The act of war is a bit trickier. The logic is the same. If an army marches through your town and burns everything to the ground — or a nuke does the job remotely — the company would be on the hook for so much that they would have to raise premiums quite a bit. In the United States, though, the chances of that seem so slim that no one usually minds. If a nuke hits your house, you probably aren’t going to care anymore anyway.
State Sponsored
As usual, though, trying to apply old ideas to new technology causes problems. If a guy runs a truck into your house, that’s usually very clear it wasn’t an act of war. Of course, if that guy was a member of the Ejército Nacional de la República Bolivariana de Venezuela (that is, the Venezuelan army) and he’s just visiting his brother in your town, the insurance company could try to claim it was covered under the act of war exclusion, although we would bet you could win that easily in court, so they probably wouldn’t.
According to media reports, the exact language in the insurance policy covers “hostile or warlike action in time of peace or war” and includes any agent of any government (including a de facto government) or military force. So while the Captain on vacation driving his truck into your house is probably going to pay out, if the National Guard accidentally sends an RPG into your camper, you’ll have to take that up with them.

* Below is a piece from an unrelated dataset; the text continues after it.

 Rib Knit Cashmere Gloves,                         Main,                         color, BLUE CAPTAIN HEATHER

The problem is, in a world where the battlefield is the Internet, how does this apply. There is a lot of evidence that NotPetya was state-sponsored by Russia and targeted Ukraine. The fact that it spread globally may even have been a mistake. Russia, of course, denies this.
Lesson Learned
Not being a lawyer or an insurance expert, this whole thing made me think. If you are buying cybersecurity insurance, maybe you don’t want an act of war exclusion. That’s going to drive up costs, but nearly any widespread cyberattack from another country could be argued as an act of war. Especially since in so many cases, these acts are perpetrated by persons unknown. Did the Russians create NotPetya? Did they deploy it? Did they hire some hacker group to do it for them? Does that matter? What if a hacker did it and then says they were paid by some government? How would you ever prove one way or the other?

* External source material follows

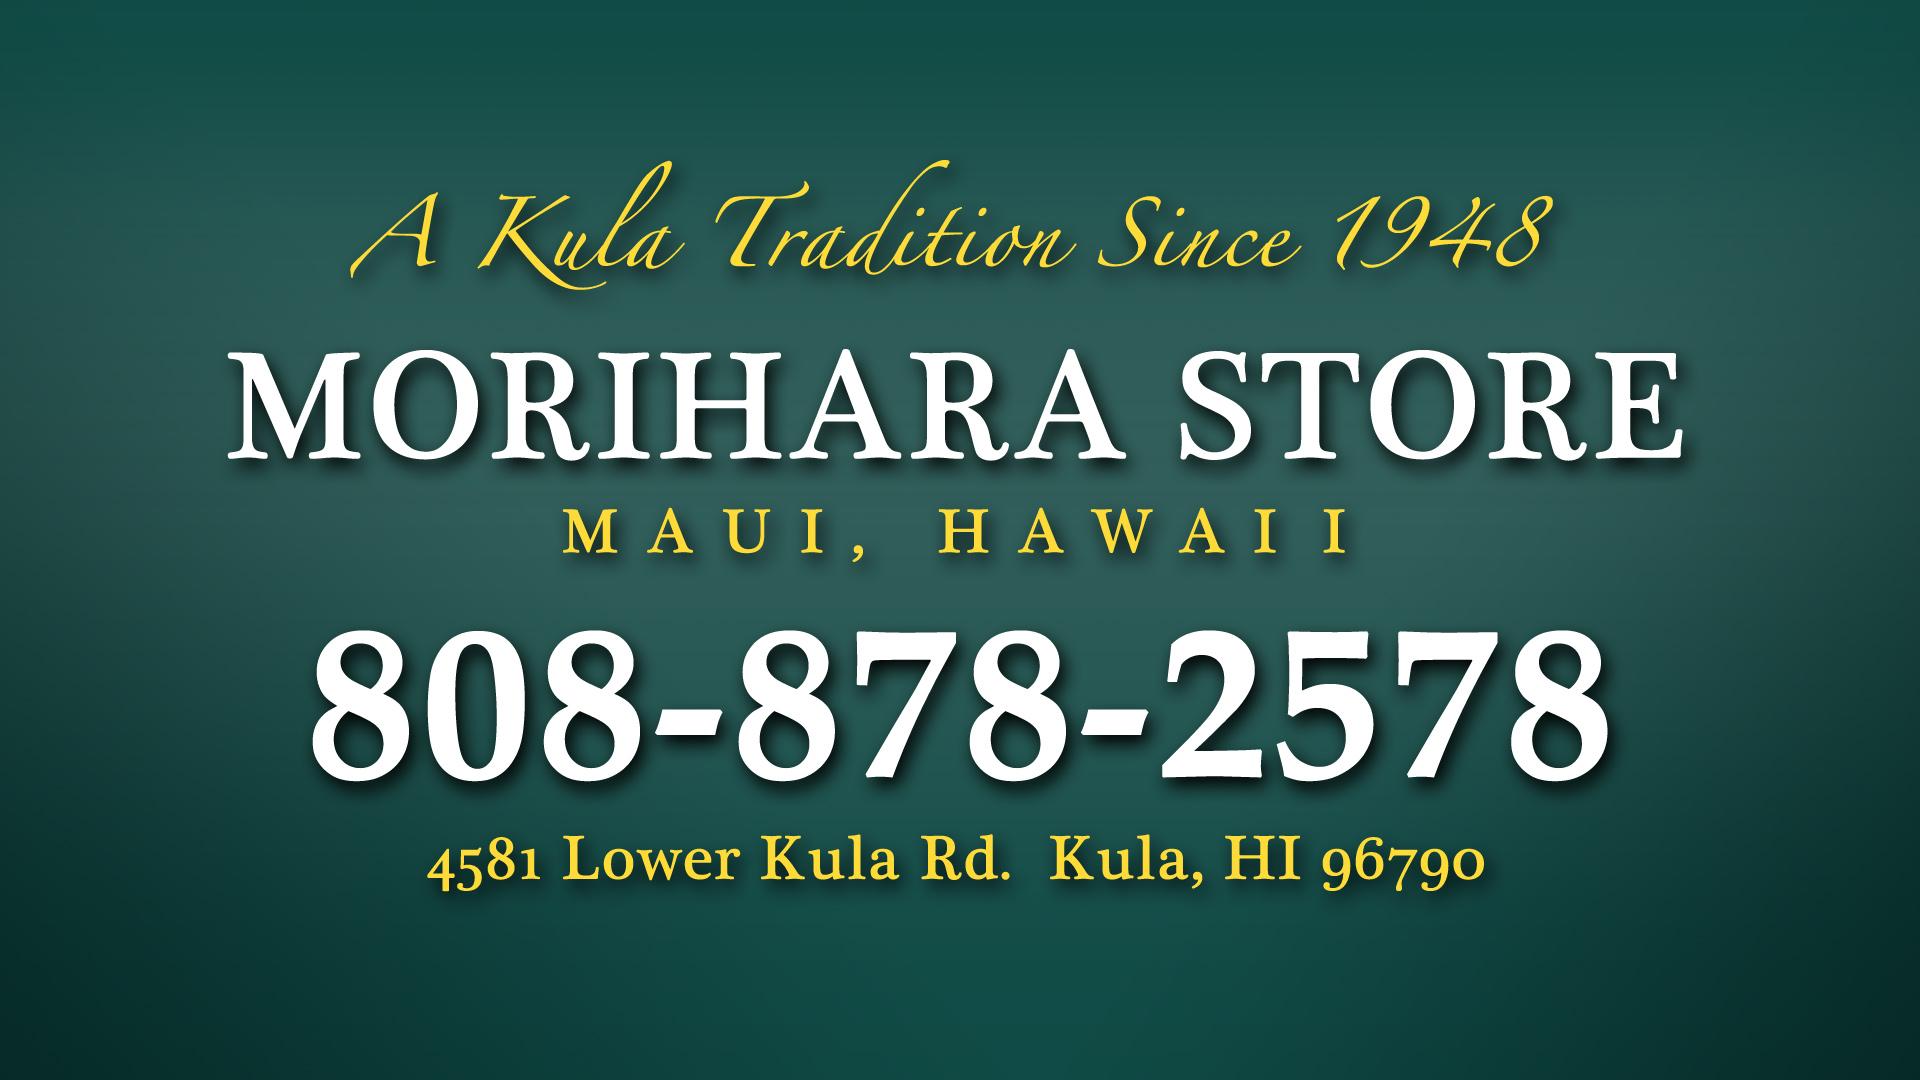 Morihara Store Maui

Or do you take the money you’d pay for insurance and pour it into better defenses? That would make sense except for one thing. In the modern world, the weakest part of your defense is usually people. People fall for phishing schemes. People write down passwords on sticky notes. People send their passwords in plain e-mails and use 1234 as PIN numbers. All the technical measures in the world won’t solve stupid. So while you can minimize problems, you can’t get to zero cyber incidents any more than you can get to zero car accidents as long as you let people drive cars.
Still, it makes you wonder why you would accept an act of war exclusion in a policy like this. Regardless of the actual cause of NotPetya, it is certainly easy to imagine a government launching a cyberattack. In fact, given the level of sophistication it takes to launch a major attack, it is almost more likely to be state-sponsored.
New Frontiers
While this is a hack in the sense that many people use the word, it isn’t one in our lexicon. However, Hackaday readers tend to be sources of technical information for their families, friends, and communities. We’ve seen how technology has impacted laws and customs over the years ranging from intellectual property to expectations of privacy.
One test I like to apply is what would happen if you took the tech aspect out of it. After all, there is no new cybercrime. Just old fashioned crime on the Internet. People have impersonated other people, run confidence games, and held things for ransom for centuries. It is just faster and easier on the Internet.
I’m not sure what the final answer is, at least not with the Internet the way it is today. However, I am willing to bet that whatever happens, some of our kind of hackers will be involved in the solution.